Keywords: liquid chromatography, LTQ-Orbitrap, shotgun proteomics, loading amount, flow rate, gradient range, gradient length


In the last decade, mass spectrometry has emerged as a central proteomics technology in the post-genomic era. Shotgun (bottom-up) proteomics is the most commonly used platform for analyzing proteins and posttranslational modifications13. In a typical protocol, simple or complex protein samples are digested by proteases (e.g. trypsin) to generate peptides that are further analyzed by reverse-phase liquid chromatography coupled with tandem mass spectrometry (LC/MS/MS). The MS/MS spectra are then searched against protein databases, resulting in protein identification and determination of post-translational modification sites. Additional strategies such as label-free and stable isotope labeling methods are implemented to obtain quantitative data4. Despite rapid development, current LC/MS/MS platforms still lack the sensitivity and throughput to detect all proteins from mammalian cells in a single experiment. To achieve successful analyses of complex protein samples, it is important to maximize protein/peptide analytic power by optimizing liquid chromatography and mass spectrometry settings.

Liquid chromatography of peptides prior to MS is usually achieved on a reverse-phase column which offers high-resolution separation capacity and utilizes mobile phase solvents compatible with electrospray ionization.
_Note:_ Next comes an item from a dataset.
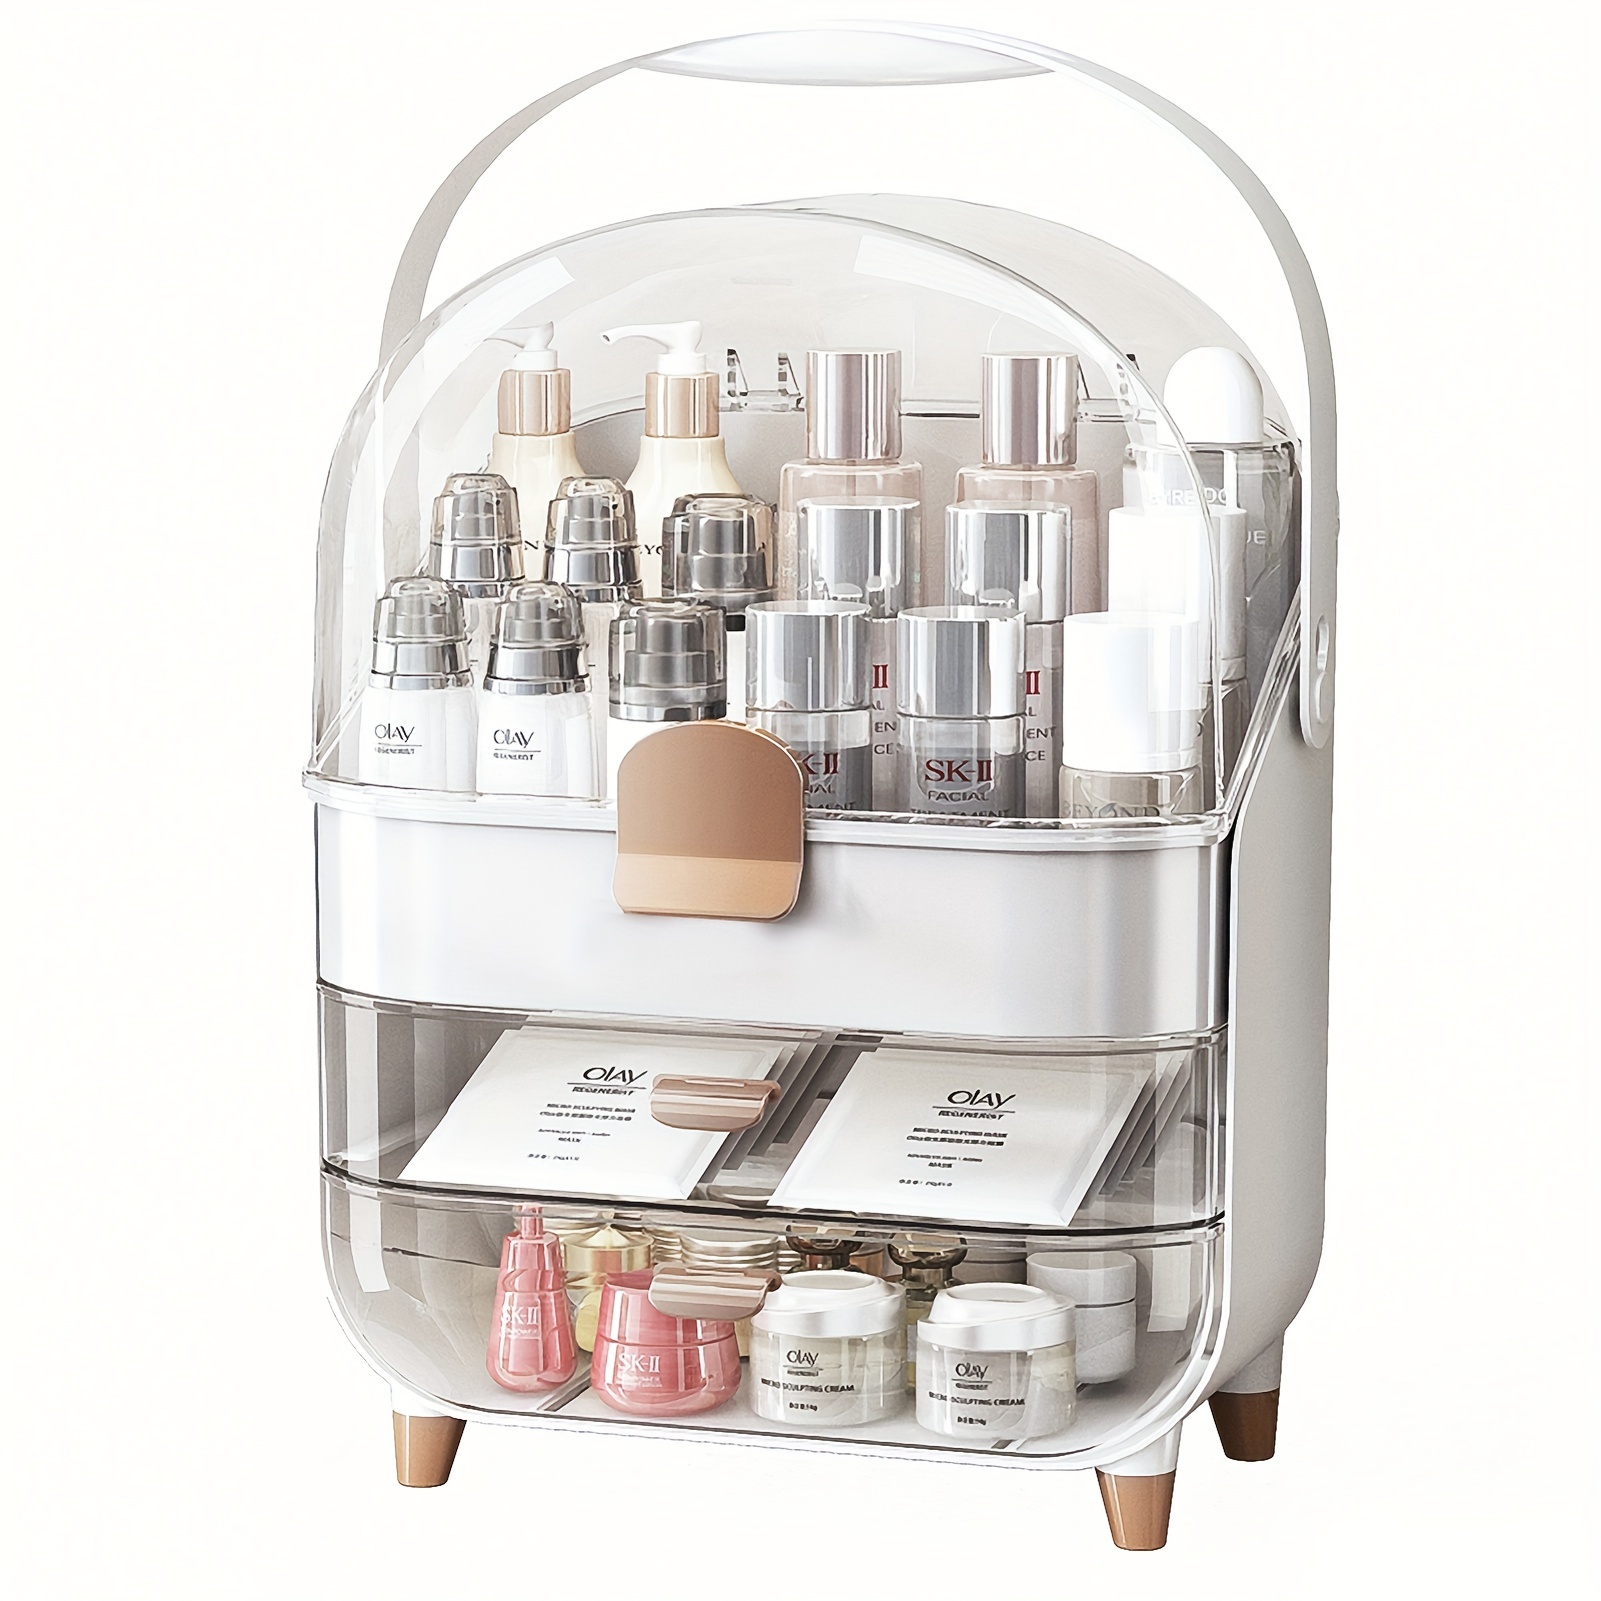 

Makeup Storage Organizers, Makeup Organizer For Vanity, Cosmetics Skincare Organizers With Lid And Drawers, Cosmetic Display Cases For Countertop, Bathroom, Ideal Gifts For Women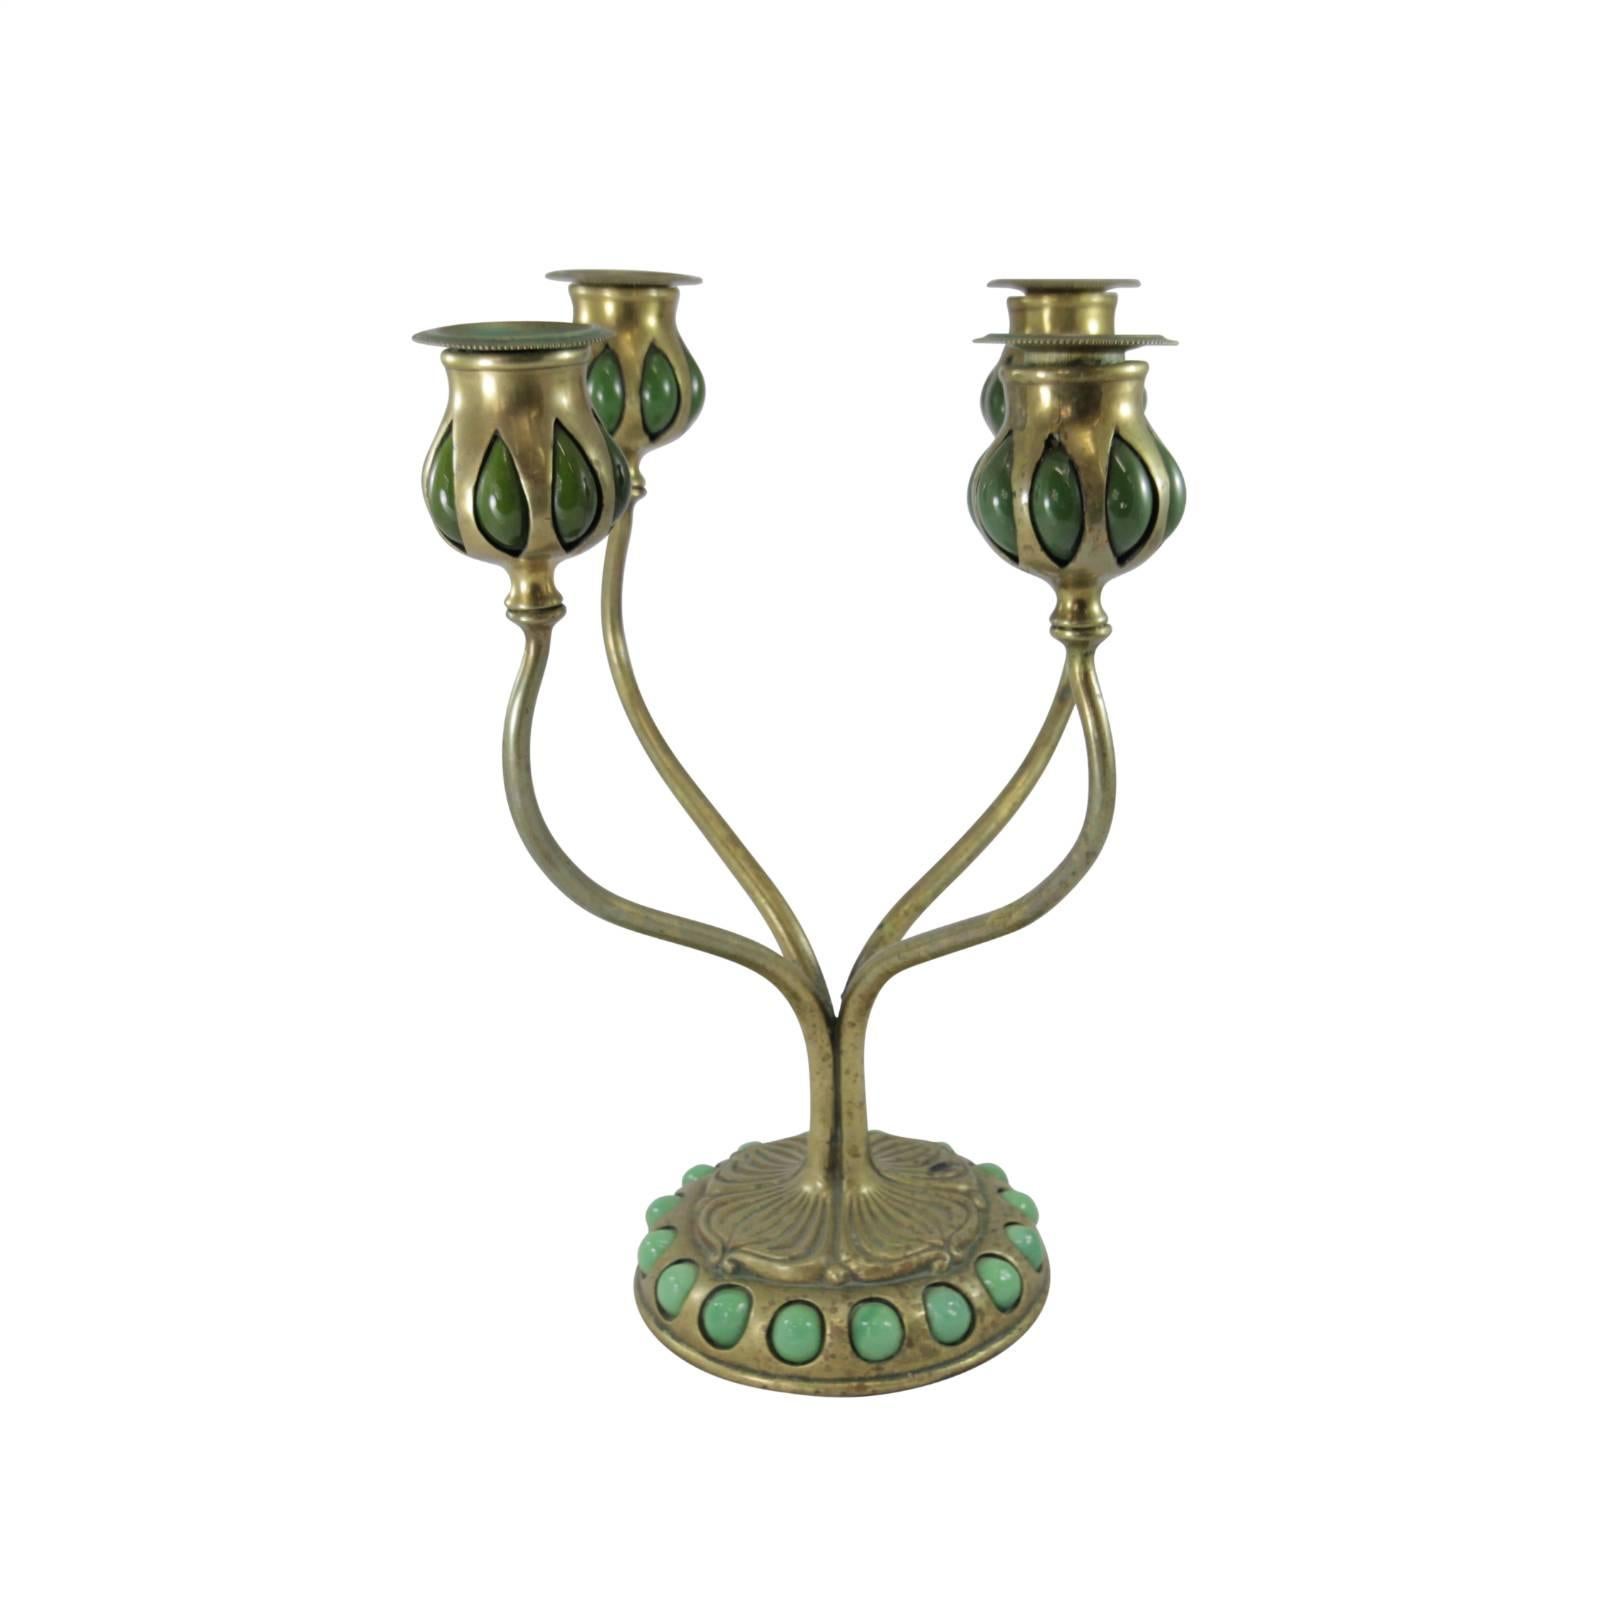 American Tiffany Studios Art Glass and Gilt Bronze Candelabra in the Art Nouveau Style For Sale

As LC efficiency increases with smaller internal dimension and longer columns, detection sensitivity is greatly improved with the development of online microcapillary LC with internal dimension less than 150 μm. A common LC platform includes a standard HPLC, a flow splitter, and a 75 μm I.D. × 12 cm reverse-phase column3. Further decreasing the column I.D. and increasing the column length are possible4, but “ultra-high-pressure” LC systems would be required to provide sufficient back pressure for solvent delivery at optimum column flow rates5. In addition, chromatography peak capacity is also influenced by LC elution gradients and analysis time68.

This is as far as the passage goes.